‘I really hope that the future of Gaza will be different.’ Time to lift the blockade.

Posted by Ed Cairns Senior Policy Adviser, Research

6th Dec 2012

Gaza during a bombing raid. Credit: Karl Schembri/Oxfam

Two weeks after the ceasefire. Six days after Palestine became a UN 'non-member observer state'. Where are we now? As Jabr Qudeih, a local aid worker in Gaza says: There's a truce, but all the key issues, the crossings, fishing, farmland, are still to be negotiated. Unless there's a fundamental political solution, everything is liable to collapse again.

The UN vote provided a symbol of hope for Palestinians. More importantly, the ceasefire created an opportunity for Israel, Hamas and the international community, at least potentially, to do what they dismally failed to do in 2009, after the last spike in conflict: to lift Gaza's blockade for good, and somehow use that to restart a meaningful process towards peace.

The walkway from Gaza to Israel at the Erez crossing. Credit: Karl Schembri/Oxfam Until that happens, people like Jabr will stay trapped in the pressure cooker that is Gaza. As one of Oxfam's Gaza staff, Abdelrahman Elasssouli, said a few days ago: I want to feel free to travel, to visit my relatives outside Gaza and invite them here. This is like a dream for Palestinians living in Gaza.

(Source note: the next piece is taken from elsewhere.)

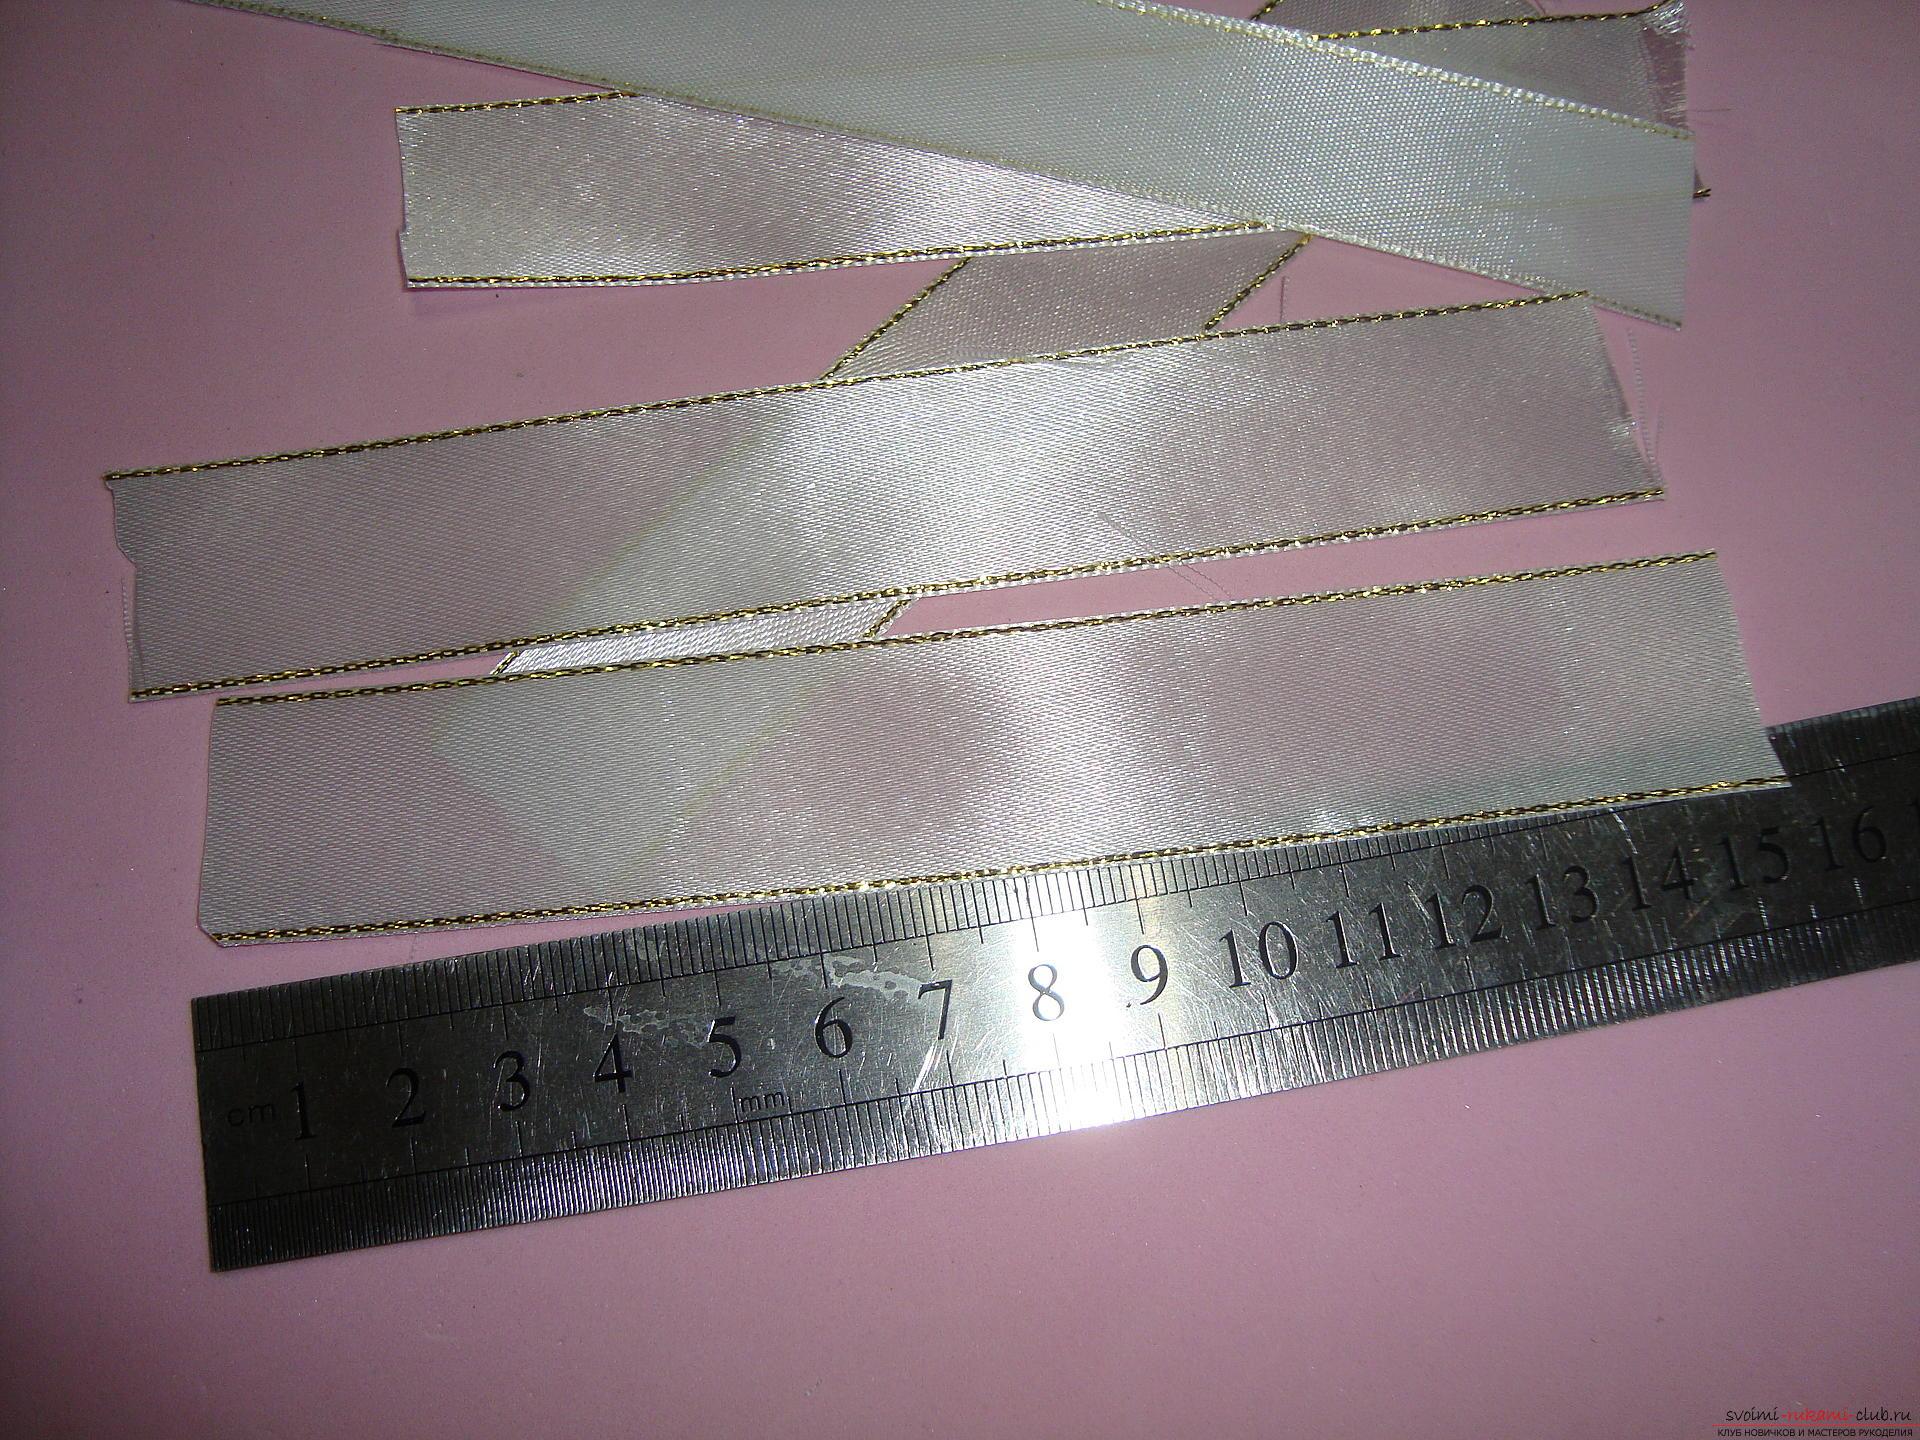 Фото-инструкция по изготовлению праздничных бантов для девочек. Фото №4

The deaths and injuries on both sides have been shocking and a high cost for both communities to bear. And as a new Oxfam paper, Beyond ceasefire: Ending the blockade of Gaza, points out today, behind them lies the protracted impact of Israel's continuing blockade of Gaza.

[Picture above: The walkway from Gaza to Israel at the Erez crossing. Credit: Karl Schembri/Oxfam ]

Even before November's surge in violence, 80 per cent of Palestinians in Gaza relied on humanitarian aid, and almost 50 per cent of youth were unemployed. Since the blockade began in 2007, nearly 60 per cent of businesses had closed, and another 25 per cent had laid off 80 per cent of their staff. And Israel's 'buffer zone' inside Gaza has severely restricted access to farming land and fishing grounds alike.

None of this has been a recipe for peace. Like the fear and insecurity which grips Israeli civilians, as a result of the rockets fired into southern Israel, Gaza's economic decline and poverty is extraordinarily corrosive of any realistic prospect of peace.

To many, Israel's occupation is the fundamental cause of the problem; and of course that is true. But after decades of conflict, it is also the vicious cycle of violence feeding fear and hostility on both sides. And Gaza's seemingly endless suffering is at its heart.

So where is there hope?

Well, potentially, it lies in the ceasefire and the continuing negotiations, brokered by Egypt, between Hamas and Israel to build on it. It also lies in Palestinians demanding that their leaders settle their differences, as well as demanding freedom from Israel's occupation, and an end to the blockade for good. And in the fact that Israel like Palestine is anything but monolithic. Its politicians and people have diverse views on everything from Iran to the national budget. Some are convinced that the blockade is necessary for Israel's security. Others argue that it fails to stop weapons being smuggled into Gaza, while damaging Israel's political image. Indeed, with the blockade in place Palestinians resort to using tunnels to get products in and out to Egypt, a strong economic incentive to maintain the tunnels that are also used to smuggle arms.

In the ceasefire negotiations, the government of Israel agreed to consider 'opening the crossings and facilitating the movement of people and transfer of goods'. Despite no clear agreement from both sides, according to some reports from the ground, farmers have begun returning to their fields even quite near the Israeli security fence.

No one should expect Israel's policy to change overnight. But there do seem to be signs at least from Israel of some potentially important shifts on Gaza. And that means the international community has more opportunity to help than they did in 2009.

[Picture above: 7 year old Mohammed Al Rantisi in his father's sewing workshop in Gaza, which has been destroyed by shelling.  Credit: Karl Schembri/Oxfam]

So what they can do?

Well, they can press all sides to live up to their agreements, including building on the 2005 Agreement on Movement and Access which actually worked, for more than a year up to 2007. And they can provide international resources for the effective monitoring that could give both Israelis and Palestinians the confidence to make a deal.

For instance, they could offer more of the sophisticated x-ray technology that the US and the Netherlands have already provided, to reassure Israel that all crossings, not just some, really can be open and secure at the same time. Those and other practical ideas are in today's new Oxfam paper.

A few days ago, another colleague in Gaza, Ghada Snunu, said: Since the ceasefire I really hope that the future of Gaza will be different. I hope we can visit Palestinians in the West Bank and they can come here. I want Palestinians in Gaza to feel strong enough to follow their dreams.

Will that be a more realistic prospect in 2013 than it has been? Let's hope so. Now is certainly the time to try.